Pharmacological Activation of GPR68 Attenuates Ferroptosis in Spinal Cord Ischemia/Reperfusion Injury Through PI3K/Akt-Mediated Nrf2 Antioxidant Pathway

Spinal cord ischemia-reperfusion injury (SCIRI) is a devastating condition with limited therapeutic options. This study unveils a novel role of G protein-coupled receptor 68 (GPR68), a pH-sensing G protein-coupled receptor (GPCR), in mitigating ferroptosis-a lipid peroxidation-driven cell death-through the Phosphoinositide 3-Kinase/ Protein Kinase B/ Nuclear Factor Erythroid 2-Related Factor 2 (PI3K/Akt/Nrf2) antioxidant axis. Using in vitro (Oxygen-Glucose Deprivation/Reperfusion (OGD/R)-treated Pheochromocytoma Cell Line 12 (PC12) cells ) and in vivo (rat spinal cord ischemia-reperfusion (I/R) ) models, we demonstrate that GPR68 downregulation exacerbates Ferroptosis, evidenced by elevated Acyl-CoA Synthetase Long-Chain Family Member 4 (ACSL4), Malondialdehyde (MDA), and Oxidized Glutathione/ Total Glutathione (GSSG/T-GSH) levels, alongside reduced Solute Carrier Family 7 Member 11 (SLC7A11) and Glutathione Peroxidase 4 (GPX4). Pharmacological activation of GPR68 with MS48107 or the clinically approved benzodiazepine Lorazepam robustly reversed Ferroptosis by enhancing Akt phosphorylation and Nrf2 nuclear translocation. Mechanistically, GPR68 siRNA or PI3K/Akt inhibition abolished these protective effects.
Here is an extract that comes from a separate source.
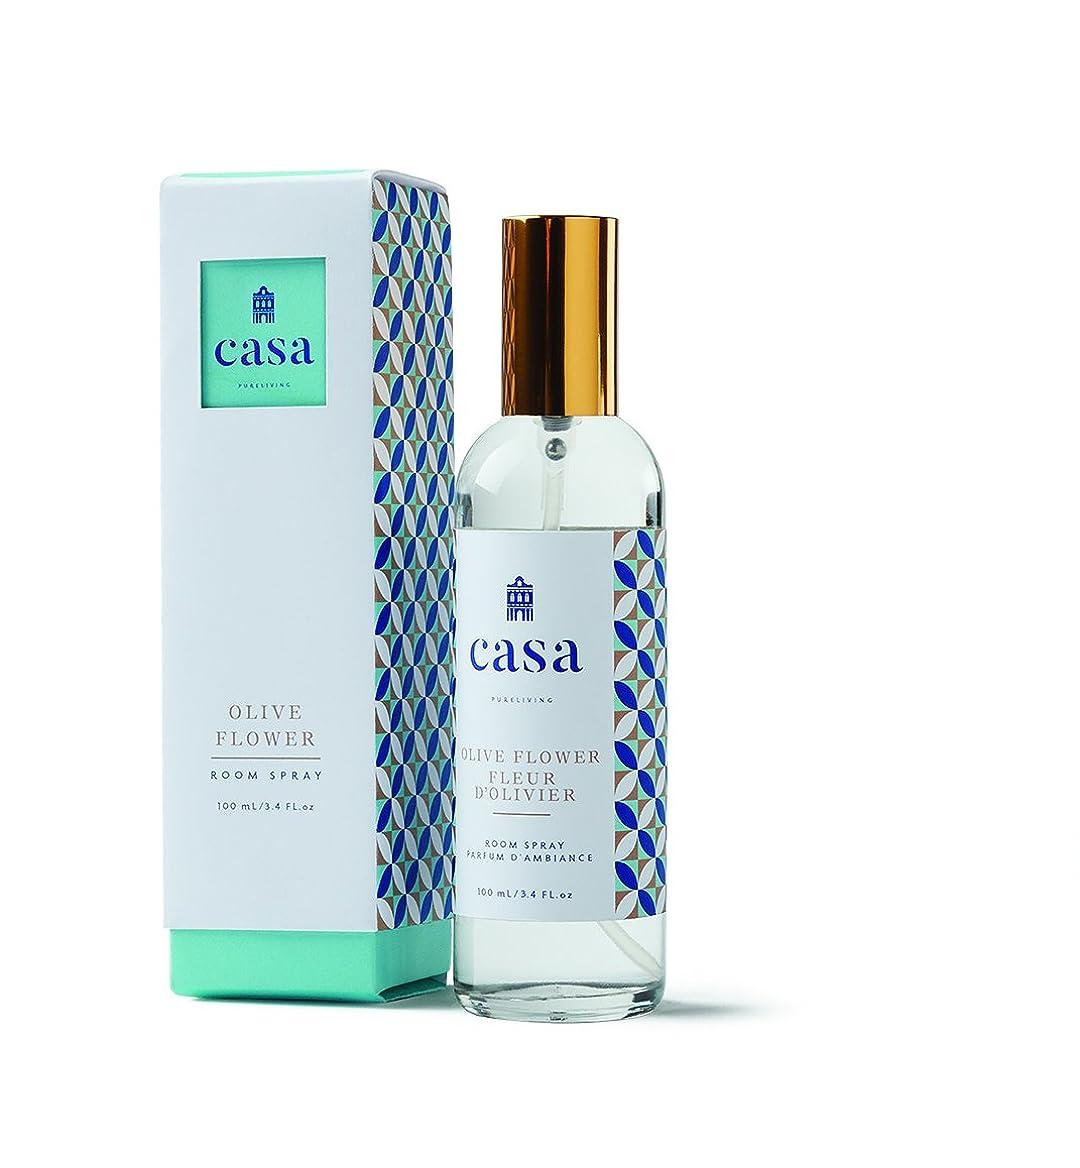 枝百万罹患率CASA カーサ ルームスプレー グリーン フレッシュバジル & オリーブ Room Spray Fresh Basil & Olive ピュアリビング Pureliving

Crucially, Lorazepam rescued neuronal viability and suppressed Ferroptosis in spinal I/R rats, effects fully negated by the GPR68 antagonist Ogremorphin (OGM). Our findings establish GPR68 as a key Ferroptosis regulator and propose repurposing Lorazepam as a therapeutic strategy for SCIRI.

Ferroptosis; GPR68; Ischemia-reperfusion; PI3K/Akt-Nrf2 axis; Spinal cord injury.